The RASH Process

The RASH process describes a methodology for resolving semantic heterogeneieties between bioinformatics resources. The process starts with choosing resources, followed by making implicit schema explicit (where necessary), developing a unifying schema (if desired), a schema comparison stage and then resolution of conflicts found. The information about a resource's schema and equivalencies and conflicts found are stored in RASHdb, whose schema is a model of what information appears in a database schema. In fact, the RASH process is a methodology for populating RASHdb. It is this database that is the core of the BioCOMPASS.

The case study using the SWISS-PROT and PIR protein sequence databanks will be used to illustrate the RASH process. It might be more realistic, in terms of everyday bioinformatics tasks, to have as an example the reconciliation of several schema fragments. This particular case study was, however, chosen for its simplicity, whilst revealing some common features of the RASH process.

This complete reconciliation and integration of PIR and SWISS-PROT will take place under the following scenario: TAMBIS allows queries to be formed over multiple resources, but only one type of each resource may be queried. For example, only one protein sequence database can be used to answer queries concerning the concept `protein'. To relax this single source assumption, a common view (schema) is needed for the multiplicity of protein sequence databases. In addition, it would be useful to remove any redundancy in the answers to queries -- the same protein appearing more than once.

both these resources exhibit a common feature of bioinformatics resources -- they are, or appear to be, flat-file resources. In flat-file databanks, the schema is implicit. One major task within the RASH process is to make this implicit schema manifest.

The BioCOMPASS is used to manage the RASH process. Several assumptions and requirements have been declared for the RASH process -- these are stated to help ensure that the RASH process is appropriate to its task. At each stage of the process data is entered into the RASHdb that sits behind the BioCOMPASS. The process outlined below is deceptively simple -- the devil lies in the detail. the principal points of each stage are given and links provided to further detail and illustrations from the case study.

  1. Resource identification

    Before anything else can take place, the resources that will participate in the RASH process must be identified. Obviously, the BioCOMPASS is one avenue for resource identification -- through its biology topic queries. Otherwise, web searches can yield the bioinformatics resource you require. three useful web resources are: dbCAT, Amos' Web Links and Molecular biology database index. Expasy's BioHunt offers a route to search for molecular biology resources. Finally, the January issue of each year's nucleic Acids Research is dedicated to short articles on bioinformatics resources.

    The BioCOMPASS will guide the user to submit these data to the RASH management part of RASHdb. The principle task of the BioCOMPASS is to populate the RASHdb and it supports the RASH process.

  2. Schema manifestation

    Many bioinformatics resources have no, or appear to have no, schema. this is usually because the resource is available, or appears to be available as, as a flat-file. Otherwise, the resource may be available via a web-based user interface. In such cases, it will be necessary to develop a explicit schema for the resource.

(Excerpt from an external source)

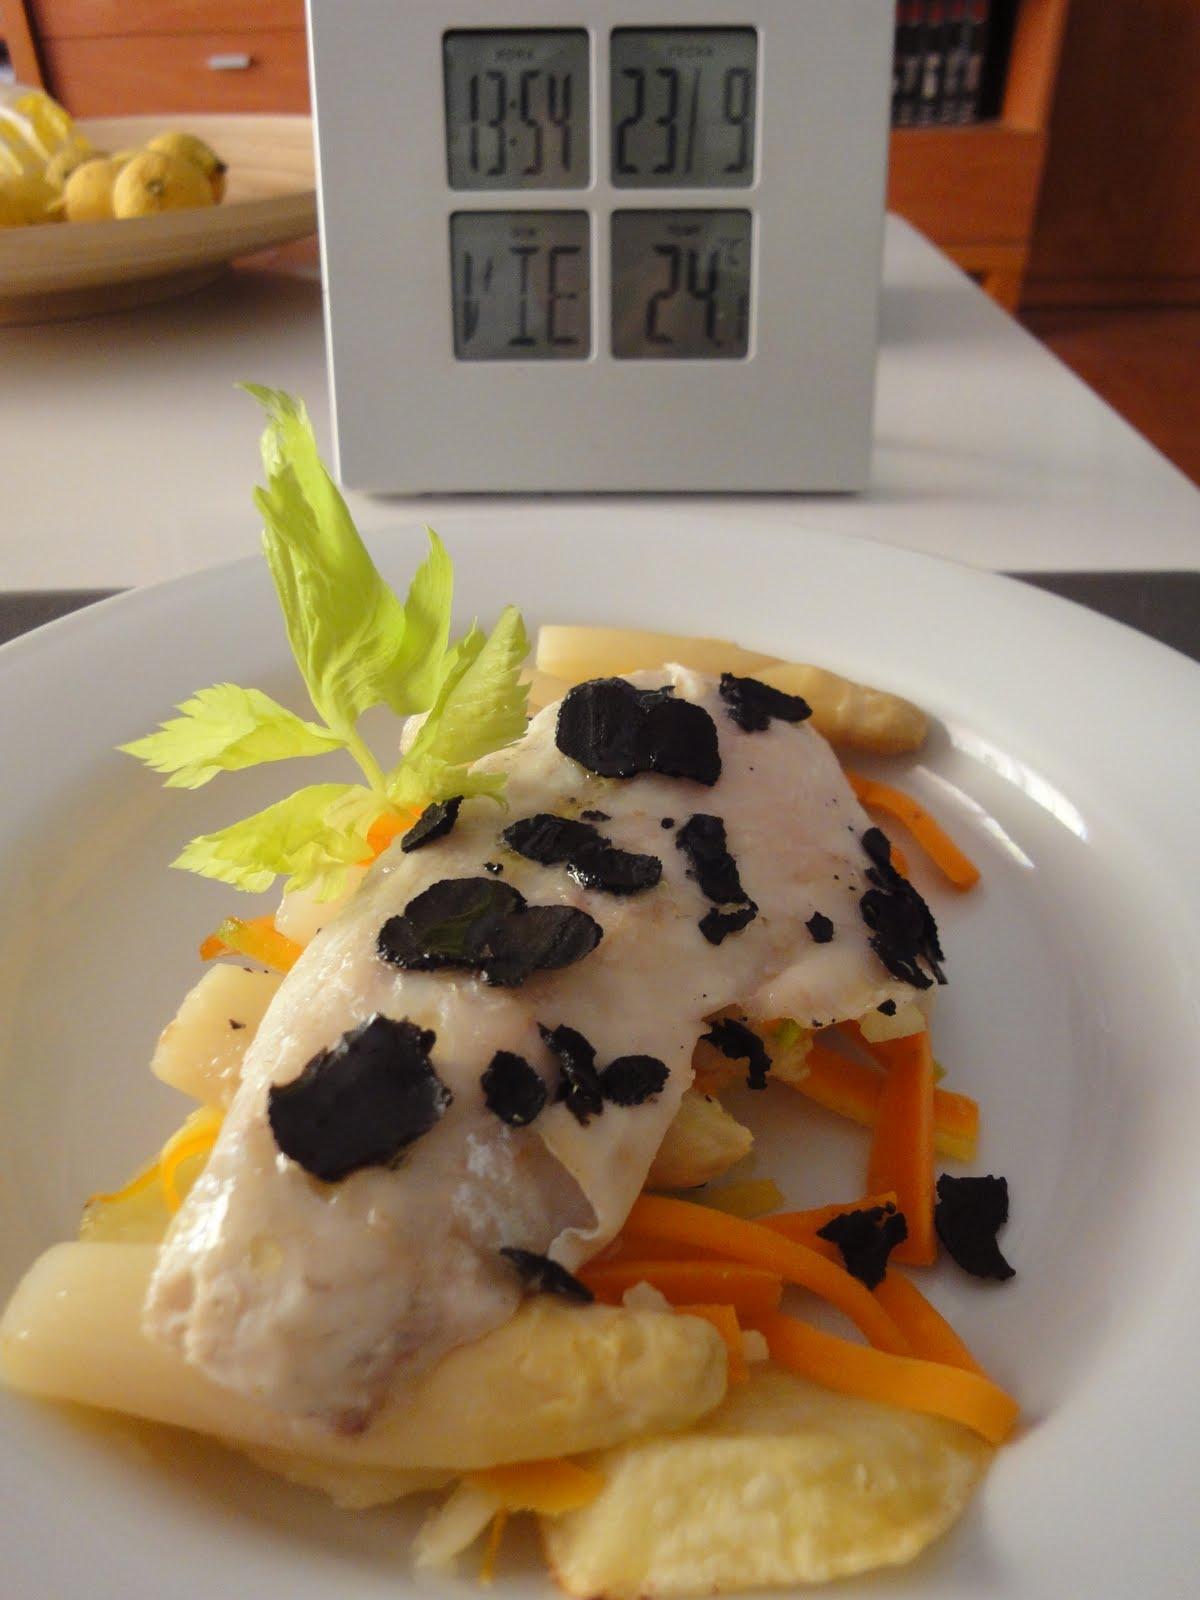 Clases de cocina zaragoza lubina en papillote con trufa - Cursos de cocina zaragoza ...

    If a schema is available, it could be in any of the following forms:

    • ER or EER schema;
    • A collection of relational tables;
    • An object orientated database schema;
    • An ACEdb schema.
    The BioCOMPASS can accomodate all of these forms. It may well be easier, however, to transform these schema representations into RASH's preferred representation
    EXPRESS, as submission to RASHdb can be semi-automatic.

    Two schema in EXPRESS for the primary case study can be found for SWISS-PROT and PIR. These schema were made explicit using the documentation available for these resources.

  3. Development of unifying schema

    There is necessarily a target schema for the reconciliation -- a schema to which the source schema must conform. One of the source schema can be promoted to be the unifying schema, e.g., SWISS-PROT is the unifying schema and PIR must be reconciled to that schema. Otherwise, either some intermediate, form or synthesis of the source schema, or a novel schema will be developed. A unifying schema for SWISS-PROT and PIR in EXPRESS can be viewed here. A unifying schema is not mandatory --it is possible to reconcile each of the source schema with each other. This may, however, be costly in effort.

  4. Schema comparison

    It is at this stage that semantic heterogeneities in the schema are identified and resolved. At this stage of the process, RASHdb contains separate entries for two or more schema. Inter-schema relationships need to be made that identify equivalent schema elements. Properties of these inter-schema relationships will describe the type of heterogeneiety and the mechanism by which it may be resolved. It is possible, however, for equivalent entities to be irreconcilable in one or both directions.

  5. Instance conflict resolution
  6. Querying and presentation

    Once all the information from this run of the RASH process has been gathered and entered, the BioCOMPASS can be used to answer RASH queries. It is possible, for instance, to recover a resource schema, together with a list of `instructions' on how to place data from another, equivalent, resource into that schema. The BioCOMPASS user interface and mode of action is described fully here.